Trente ans plus tard, diriez-vous que c’était une erreur de passer à l’euro dans ces conditions?
Je dirais que cela a été la grande tragédie de l’europe. Après cela, je n’ai jamais vraiment cru que ‘ces choses-là’, comme disait Kohl, viendraient. Je connais la dureté des Allemands, et surtout des Hollandais, qui n’ont jamais voulu entendre parler de mutualisation et de solidarité budgétaire. Aujourd’hui, j’y crois de nouveau. Une fois de plus, on est face à de grands événements. Et cette crise est, je l’espère, l’occasion de faire ce grand saut en avant.
Concrètement, à quoi ressemblerait ce saut en avant? On parle beaucoup d’‘eurobonds’ ou de ‘recovery bonds’, c’est à dire d’obligations –ou titres de dette– émises par L’UE, qui seraient garanties par tous les États membres. Est-ce à cela que vous pensez?
Oui. C’est ce que l’on appelle la mutualisation de la dette: la création d’un instrument de dette commun –les bonds– émis par une institution européenne pour lever des fonds sur le marché, à des taux forcément bas puisque garantis par tous les pays participants. Cet argent commun permettrait de faire face à cette crise dans les pays les plus touchés, l’espagne et l’italie, qui sont aussi les plus endettés. Ils recevraient des financements spécifiques, via des prêts à taux plus favorables que ceux auxquels ils peuvent prétendre, mais aussi –et c’est là que les pays du Nord tiquent– via des subventions pures et simples. Ce serait une mutualisation extraordinaire des dettes: on ne toucherait pas aux anciennes dettes, qui resteraient en l’état. Dans le fond, ce qu’on voudrait, c’est que face à un événement aussi singulier, aussi historique, il y ait une mise en commun des moyens.
La France défend fermement cette idée. Emmanuel Macron a signé une lettre en ce sens, adressée au président du Conseil européen, avec neuf autres pays, dont l’italie et l’espagne.
Cette lettre, le fait que neuf pays poussent dans ce sens, en faveur de plus de solidarité, ce sont des événements absolument majeurs. Ça n’était jamais arrivé. C’est la première fois que l’on voit naître une alliance aussi étroite entre autant d’états. Et c’est d’autant plus nouveau que cette coalition ne compte pas que des pays du Sud mais aussi l’irlande, la Belgique ou le Luxembourg, généralement plus réticents sur ce genre de sujets. C’est la première fois, aussi, qu’il y a une telle unité entre les trois grands pays que sont la France, l’italie et l’espagne. Or, sans l’appui de la France, on n’aurait jamais pu aller aussi loin. Votre pays a joué un rôle majeur dans la constitution de cette alliance.
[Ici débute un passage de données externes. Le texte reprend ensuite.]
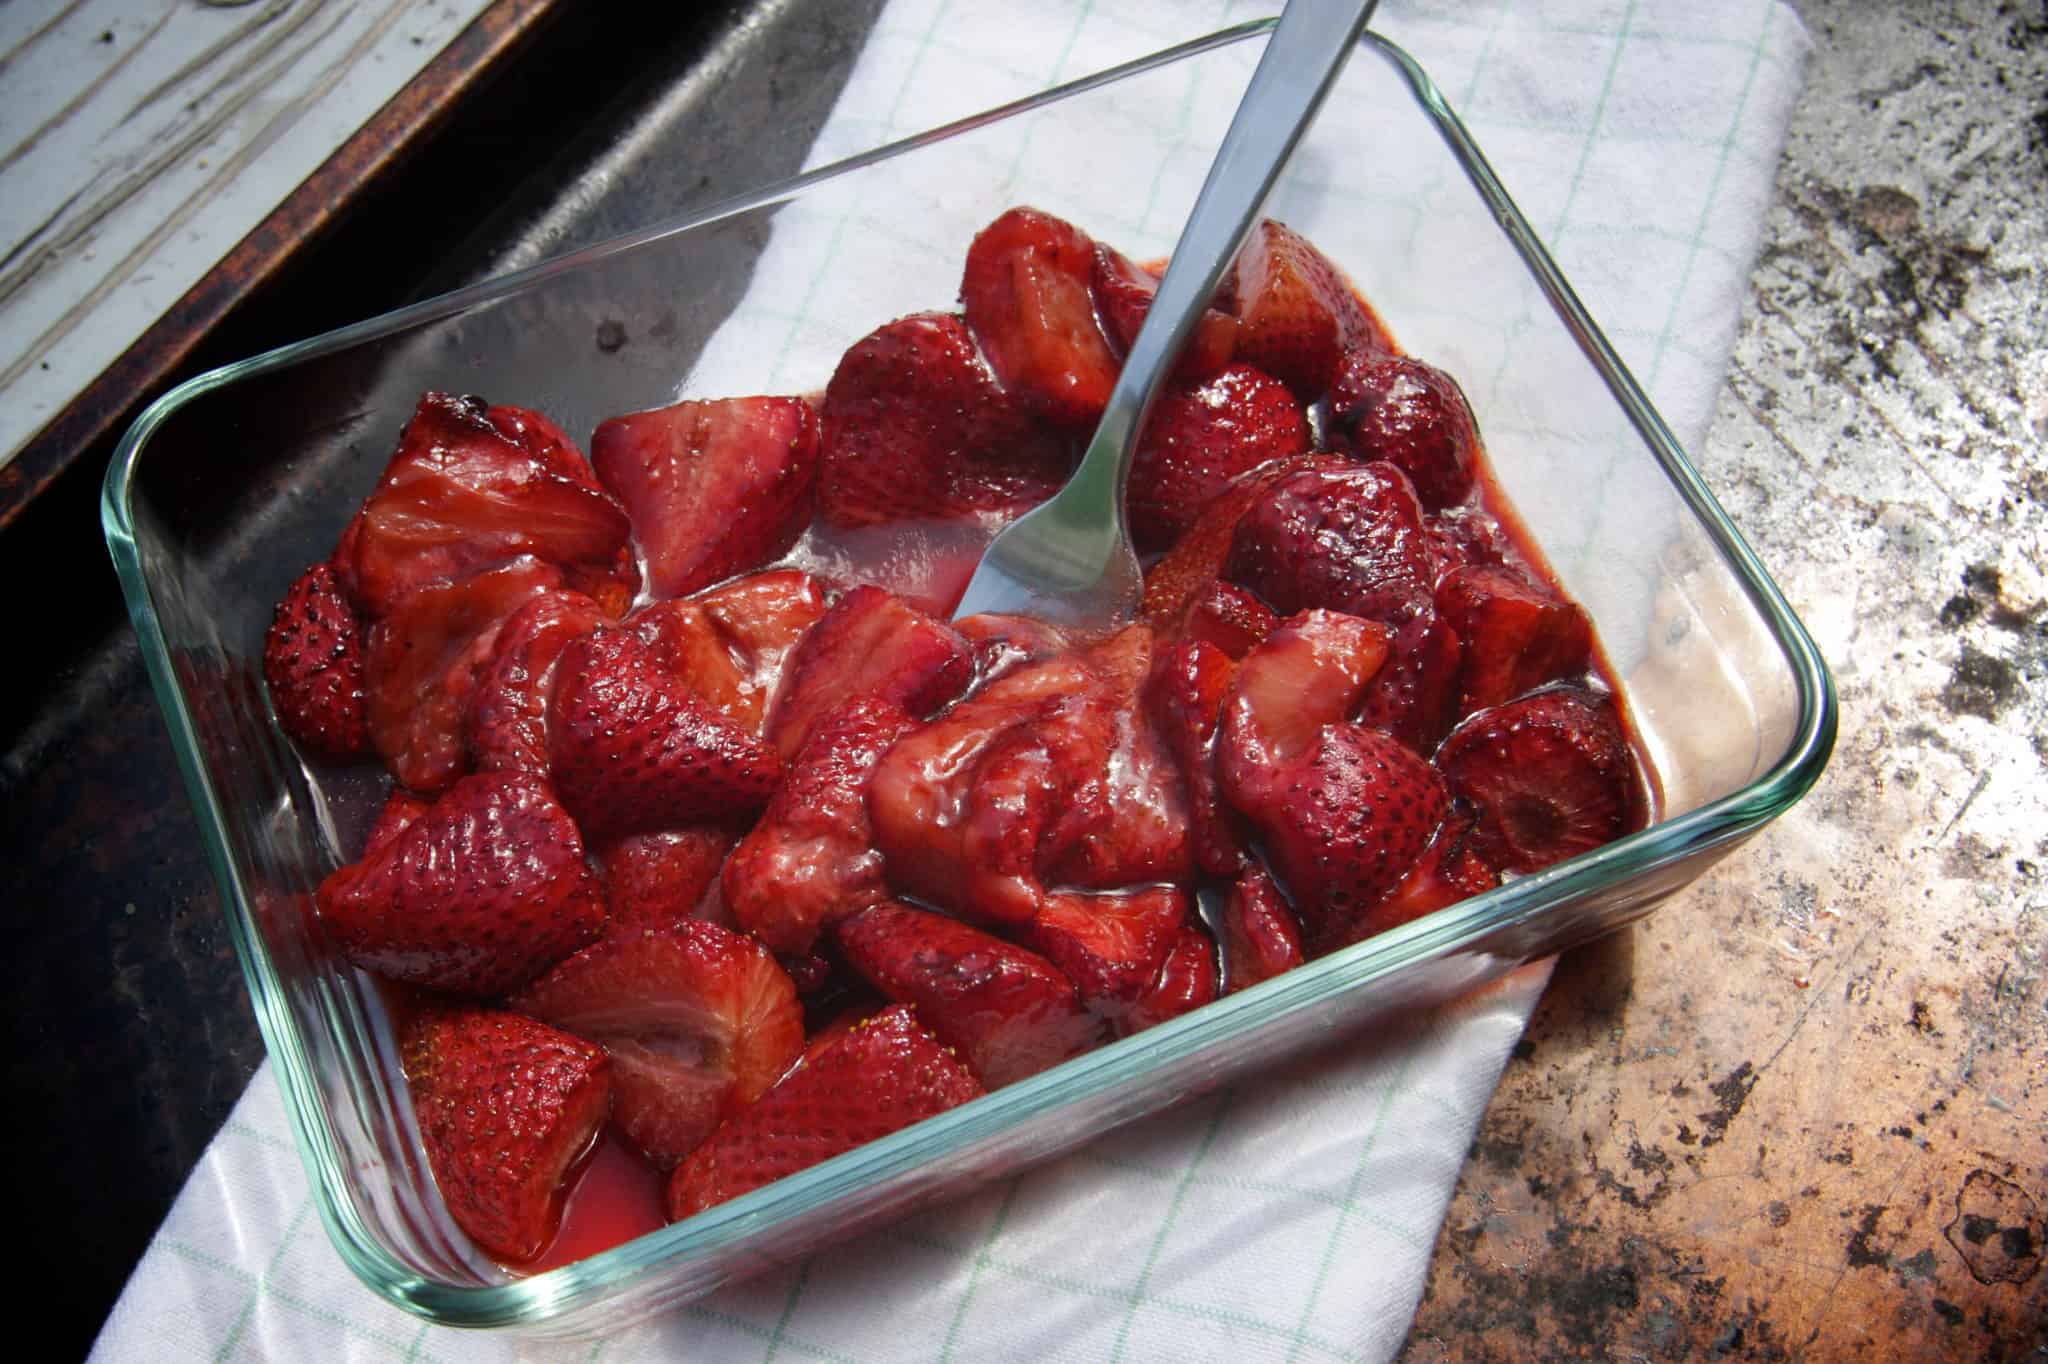 Balsamic strawberries unusual food pairings

Et pourtant, cela n’a pas donné grand-chose de concret, pour l’instant…
En effet, mais une porte s’est ouverte vers plus de solidarité européenne. D’abord parce que le dernier Conseil européen du 23 avril a entériné une série de mesures d’urgence, à hauteur de 540 milliards d’euros. Par ailleurs, la présidente de la Commission, Ursula von der Leyen, a tout de même annoncé qu’elle travaillait à un montage qui lui permettrait d’emprunter jusqu’à 1 000 milliards d’euros avec la garantie des États. Surtout, elle a dit que cet argent pourrait ensuite être reversé aux pays membres dans le besoin sous forme de ‘prêts’ mais aussi de ‘subventions’, et qu’il faudrait trouver un ‘équilibre’ entre les deux. Or jusqu’ici, les pays du Nord, en particulier les Pays-bas et l’allemagne, étaient complètement opposés à l’idée de verser des subventions. Le fait que Von der Leyen l’évoque dans ces termes est déjà un grand pas en avant. Je vois mal comment, après avoir dit cela, elle reviendrait en arrière. Je reste prudent mais tout cela est absolument nouveau.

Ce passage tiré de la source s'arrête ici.